As the economy slowly recovers from the depths of the recent recession, small businesses are still licking their wounds.
Nampa, ID, United States of America (prbd.net) 28/01/2013
Cash, Credit and Small Business Growth

As the economy slowly recovers from the depths of the recent recession, small businesses are still licking their wounds. For several years, there has been a severe shortage of credit and financing for the needs of small businesses. Growing a small business consumes cash. A successful small business growing fast consumes cash fast.

Working capital is always an issue for small companies. The experiences of the past few years have taught them some painful lessons. One of the most important of those lessons is to conserve cash, and use credit carefully.

Acquiring Capital Equipment

Many small companies rely heavily on specialty equipment to run their businesses. Forklifts are an example of these machines that are essential to operations.
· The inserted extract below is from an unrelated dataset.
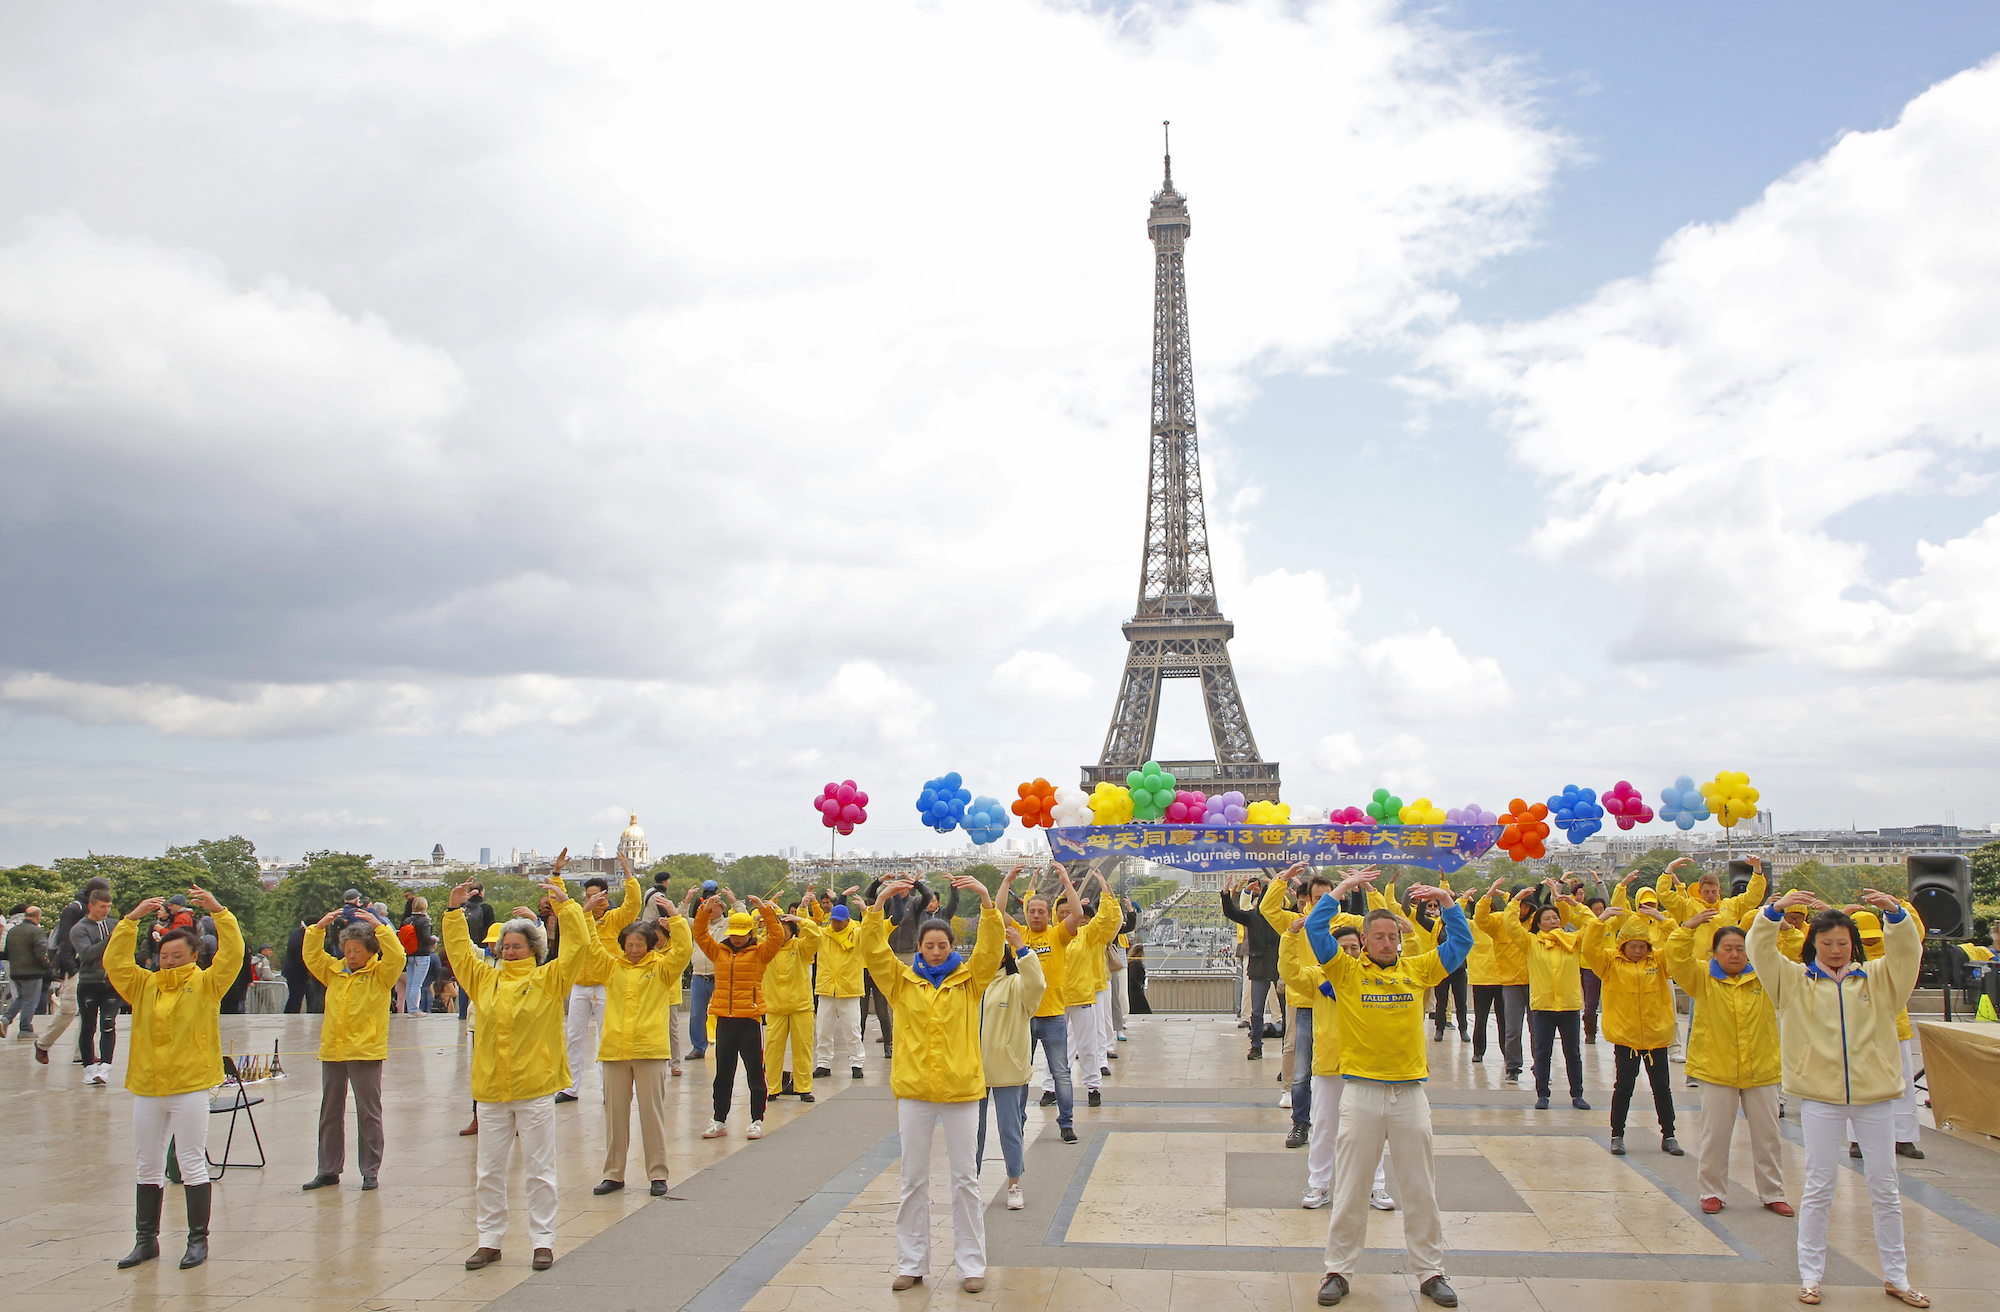 Các học viên Pháp Luân Đại Pháp tại Pháp đang tập bài công pháp thứ hai tại Trocadéro, Paris, nhân kỷ niệm 27 năm Ngày Pháp Luân Đại Pháp Thế giới vào ngày 05/05/2019. (Ảnh: Zhang Le/The Epoch Times)
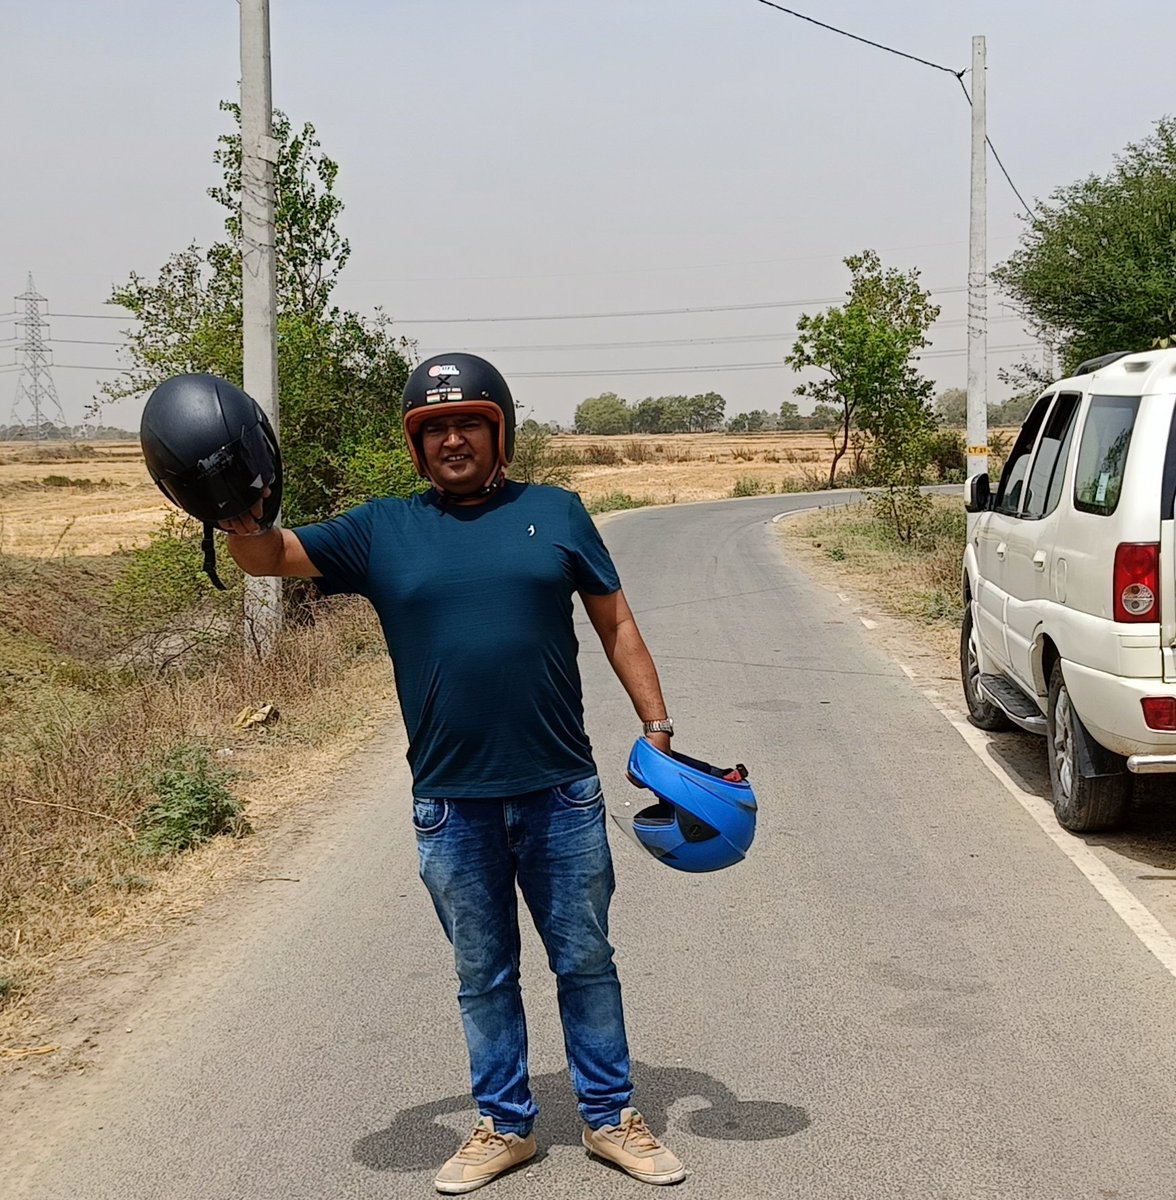 कल से भोपाल की सड़कों पर मिलूंगा 🙏🇮🇳
सड़क दुर्घटना मुक्त भारत हेलमेट मैन.
#roadsafety #savelive #helmetmanofindia #HelmetBank #india #helmetman #savelives

In acquiring a new forklift, the question is asked, should companies lease or buy forklifts?

Direct Ownership

There is a sense of pride in owning your own equipment. The key issue is whether it makes sense. Cash is king in a small business. Buying an expensive piece of equipment consumes cash for a down payment. Monthly payments for principal reduction and interest consume more cash. As owned equipment ages, maintenance costs mount. Safety and technology are major considerations in such a purchase. The rapid changes in technology can mean that purchased equipment is obsolete well before it is paid off or depreciated. Older equipment can also present safety hazards if maintenance is not fully maintained. Debt acquired in the purchase of machinery like a forklift can affect the overall credit standing of a company.

The Lease Alternative

When credit and bank loans disappeared during the recession, many companies were able to acquire the equipment they needed using equipment leasing companies. Many manufacturers provide leasing facilities to aid in the sale of their machines. There are also numerous third party leasing companies. These companies generally specialize in certain types of equipment. Leasing requires no or very low upfront cash. Monthly payments are usually lower. After a lease period, lease equipment can be easily replace with newly leased equipment. Maintenance problems are kept to a minimum and the latest technology is available in new, leased equipment.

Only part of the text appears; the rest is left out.